Aim of the task => Repeat exactly, and only, the lines below starting at the line that contains "Eponymous Debut" and ending at the line that contains "#70s #vinylcommunity @Feargal_Sharkey", inclusive of both.

Materials provided =>
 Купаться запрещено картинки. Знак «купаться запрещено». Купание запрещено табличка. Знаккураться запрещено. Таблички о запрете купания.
* * *
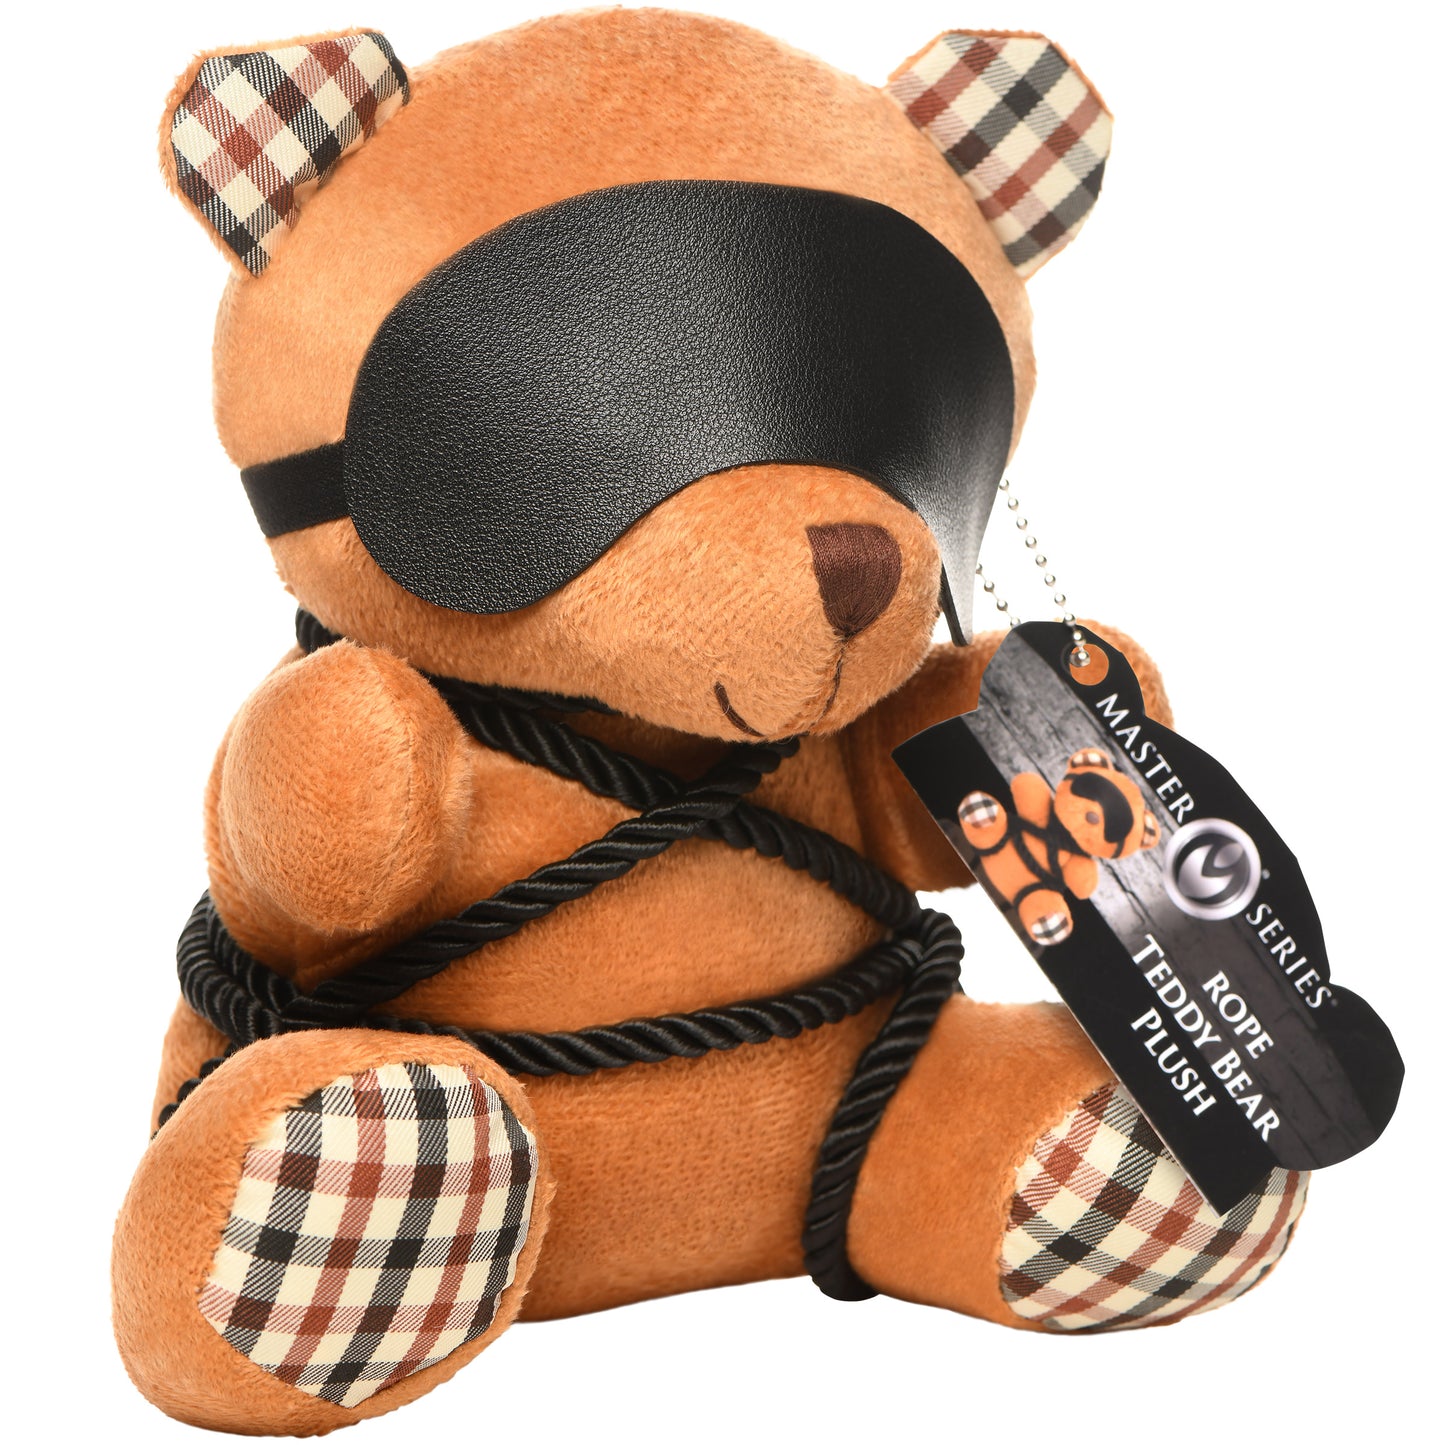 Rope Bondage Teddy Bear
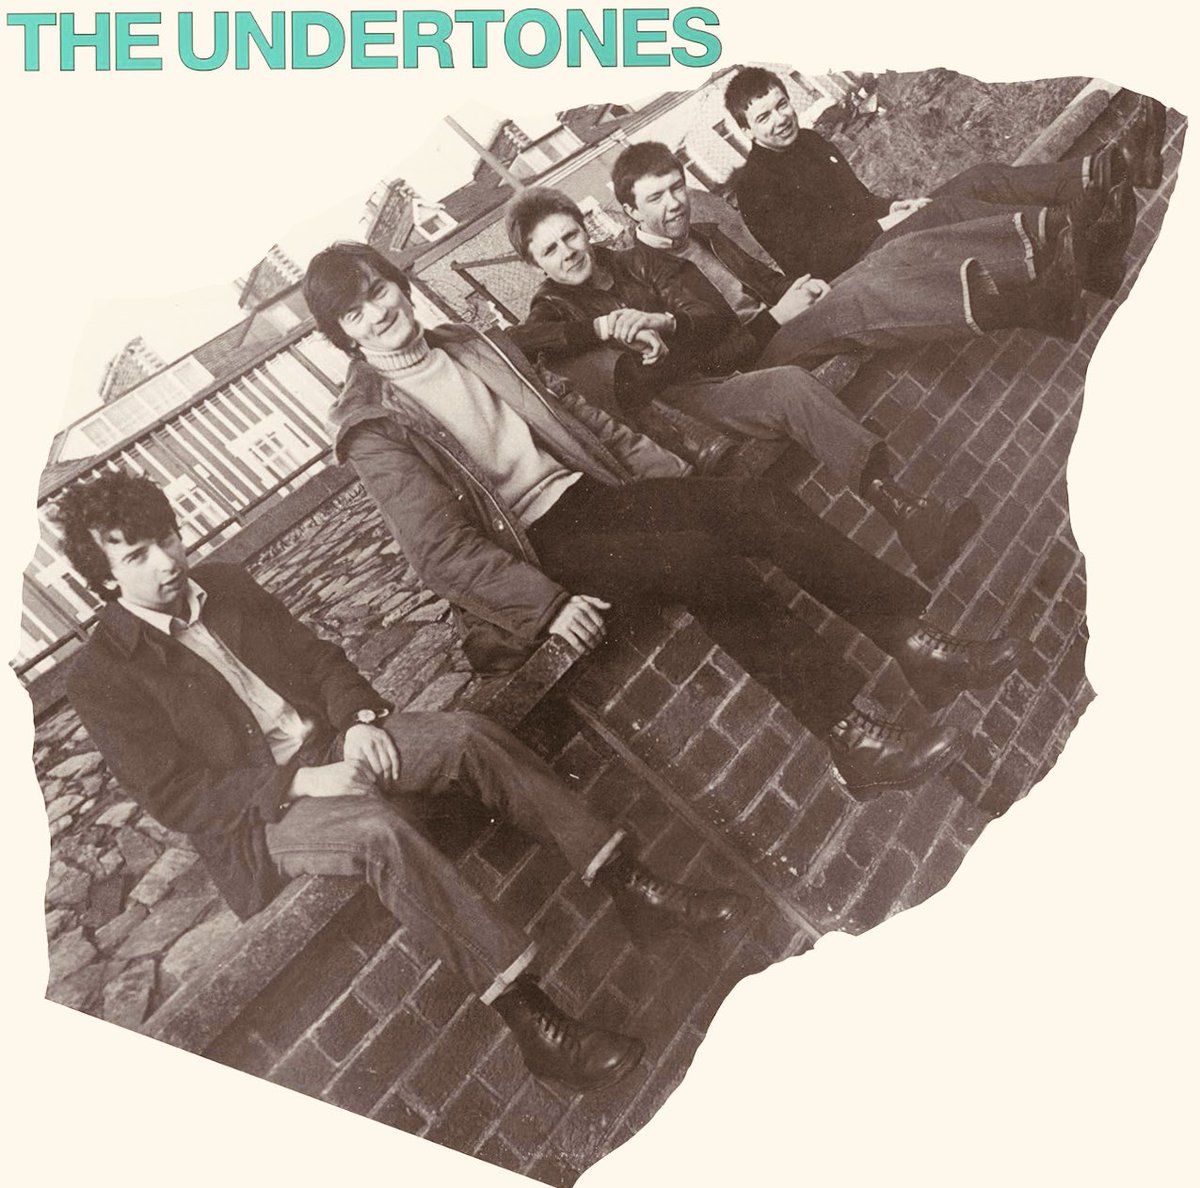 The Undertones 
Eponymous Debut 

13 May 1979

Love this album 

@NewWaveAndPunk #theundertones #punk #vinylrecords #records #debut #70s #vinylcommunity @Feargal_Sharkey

Written solution =>
Eponymous Debut 

13 May 1979

Love this album 

@NewWaveAndPunk #theundertones #punk #vinylrecords #records #debut #70s #vinylcommunity @Feargal_Sharkey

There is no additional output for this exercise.